Another important takeaway we hoped to get from this case study was determining where AI is most useful, and which tools might be fit for different types of tasks. The dev diaries of Team Skynet provided the best insights here. Throughout the project, Team Skynet documented their experiences using AI for different tasks and summarized their findings based on the task’s risk and value. These are the tools they used:

GitHub CopilotChat-GPTPhind
A code completion AI tool integrated with development environments such as VS CodeA conversational large language model (LLM) created by OpenAIAn AI search engine for developers that shows where answers came from (ex. Stack Overflow posts)

GitHub Copilot

According to the team, GitHub Copilot was the most useful. It had low risk and provided high value. Although not all suggestions were accurate, engineers still found that it sped up their development process significantly. They were impressed with Copilot’s ability to suggest multiple lines of code, sometimes before they even knew they would need it. Although Copilot wouldn’t be able to code a whole app on its own, they found it immensely helpful for getting through boilerplate and monotonous tasks.

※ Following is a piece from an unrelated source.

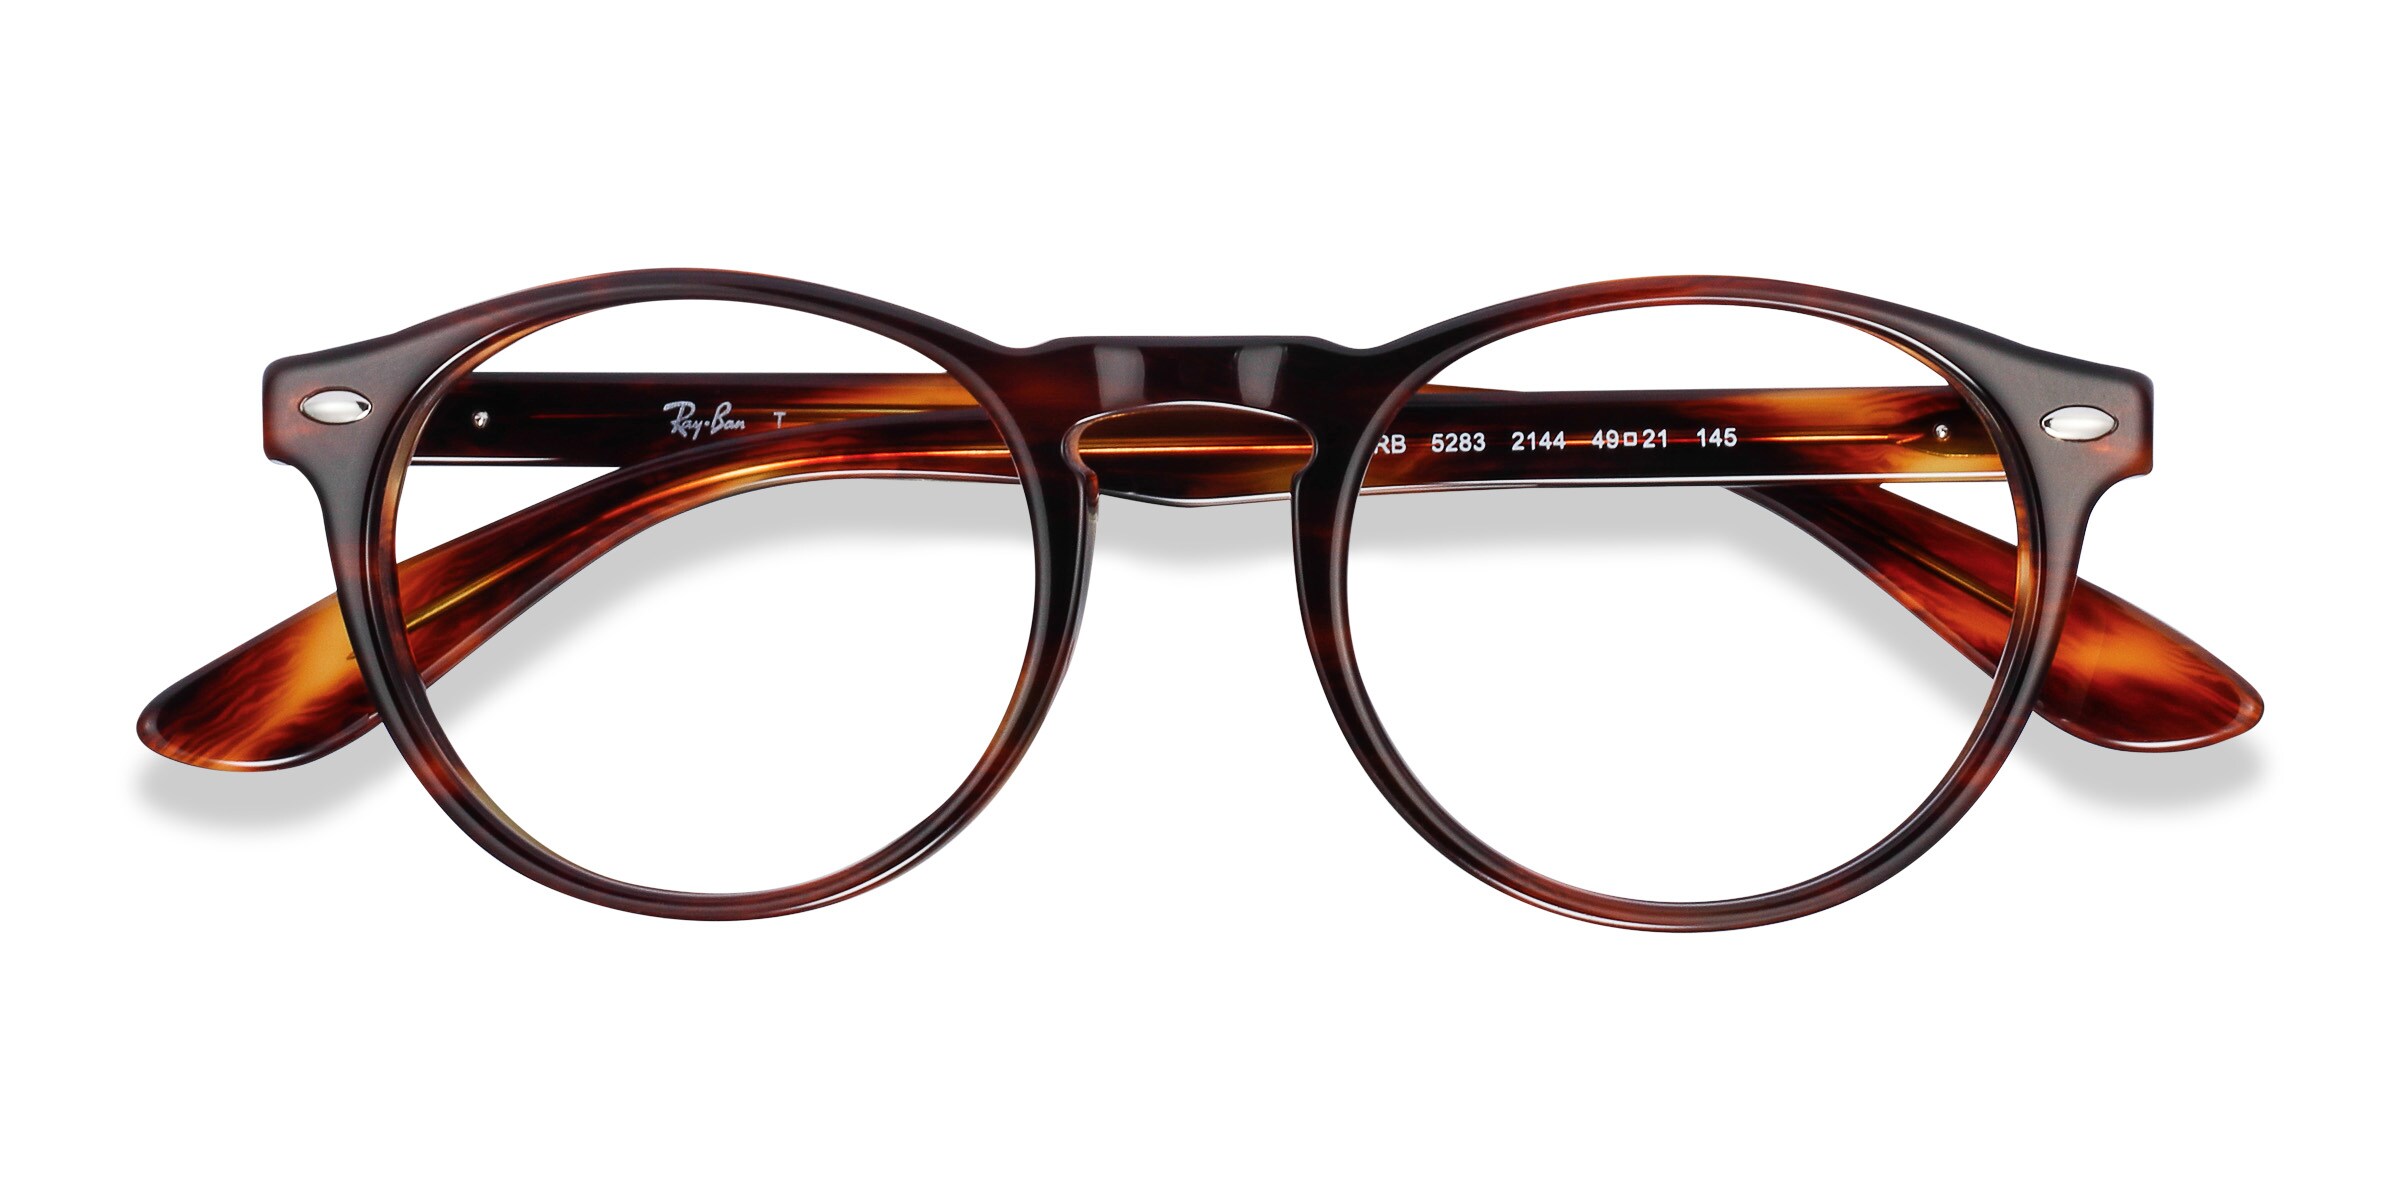 Ray-Ban RB5283 - Round Warm Tortoise Frame Eyeglasses | Eyebuydirect

For testing, Team Skynet’s test engineer reported GitHub Copilot being able to take over test-writing after just a few examples. Using just the name for a test, Copilot was able to autocomplete the full test code pretty much on its own. While in many cases no corrections were needed, there were also times when Copilot was just a little bit off, just enough to fool the team and cause confusion later on.

Chat-GPT

The team classified Chat-GPT as having medium-high risk, and medium-low value. They were often led astray by the tool, which tended to “hallucinate” answers when it didn’t have the knowledge needed to answer a question. They noticed that Chat-GPT would also overcomplicate answers sometimes, for example telling developers they need to install multiple dependency packages, when they really only needed a few. One team member mentioned wanting to double-check the LLM’s answers against their own Google searches afterward. 

The LLM’s knowledge cutoff date of September 2021 was also a significant barrier when the team wanted to learn about new technologies. For example, developers wanted to integrate Expo Router4 for their navigation setup, but Chat-GPT had no knowledge of the tool and was unable to help. Overall, the developers felt that Chat-GPT would not be their go-to source of information for technologies that the model wasn’t trained on. They mentioned still going to docs as their primary source.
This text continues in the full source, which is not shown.